Exercise materials:
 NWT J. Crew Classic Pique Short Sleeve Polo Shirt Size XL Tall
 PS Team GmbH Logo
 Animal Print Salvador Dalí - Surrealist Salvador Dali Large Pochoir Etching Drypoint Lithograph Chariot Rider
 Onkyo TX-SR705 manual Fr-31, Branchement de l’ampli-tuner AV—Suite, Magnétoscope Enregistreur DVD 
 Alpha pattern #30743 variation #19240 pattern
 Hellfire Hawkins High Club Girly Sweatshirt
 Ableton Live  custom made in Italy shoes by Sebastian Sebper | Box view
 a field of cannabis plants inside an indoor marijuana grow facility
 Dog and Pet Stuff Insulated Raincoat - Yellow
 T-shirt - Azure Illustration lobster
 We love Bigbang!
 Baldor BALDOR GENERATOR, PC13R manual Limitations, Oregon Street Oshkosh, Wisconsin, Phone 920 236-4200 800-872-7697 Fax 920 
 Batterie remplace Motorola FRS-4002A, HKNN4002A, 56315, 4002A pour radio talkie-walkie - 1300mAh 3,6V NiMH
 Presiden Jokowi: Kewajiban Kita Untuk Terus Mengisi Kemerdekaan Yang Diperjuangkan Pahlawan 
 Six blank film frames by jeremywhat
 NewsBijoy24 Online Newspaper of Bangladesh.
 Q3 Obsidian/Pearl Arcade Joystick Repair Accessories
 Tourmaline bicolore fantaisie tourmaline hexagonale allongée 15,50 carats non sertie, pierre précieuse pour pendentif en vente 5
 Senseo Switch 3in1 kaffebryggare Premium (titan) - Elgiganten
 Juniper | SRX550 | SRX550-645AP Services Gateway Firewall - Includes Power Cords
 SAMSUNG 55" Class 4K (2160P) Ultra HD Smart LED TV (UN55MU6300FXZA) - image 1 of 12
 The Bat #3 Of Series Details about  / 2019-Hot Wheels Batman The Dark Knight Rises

Task requirements: Collect the lines of the records that include the string "pour".

Expected output:
 Batterie remplace Motorola FRS-4002A, HKNN4002A, 56315, 4002A pour radio talkie-walkie - 1300mAh 3,6V NiMH
 Tourmaline bicolore fantaisie tourmaline hexagonale allongée 15,50 carats non sertie, pierre précieuse pour pendentif en vente 5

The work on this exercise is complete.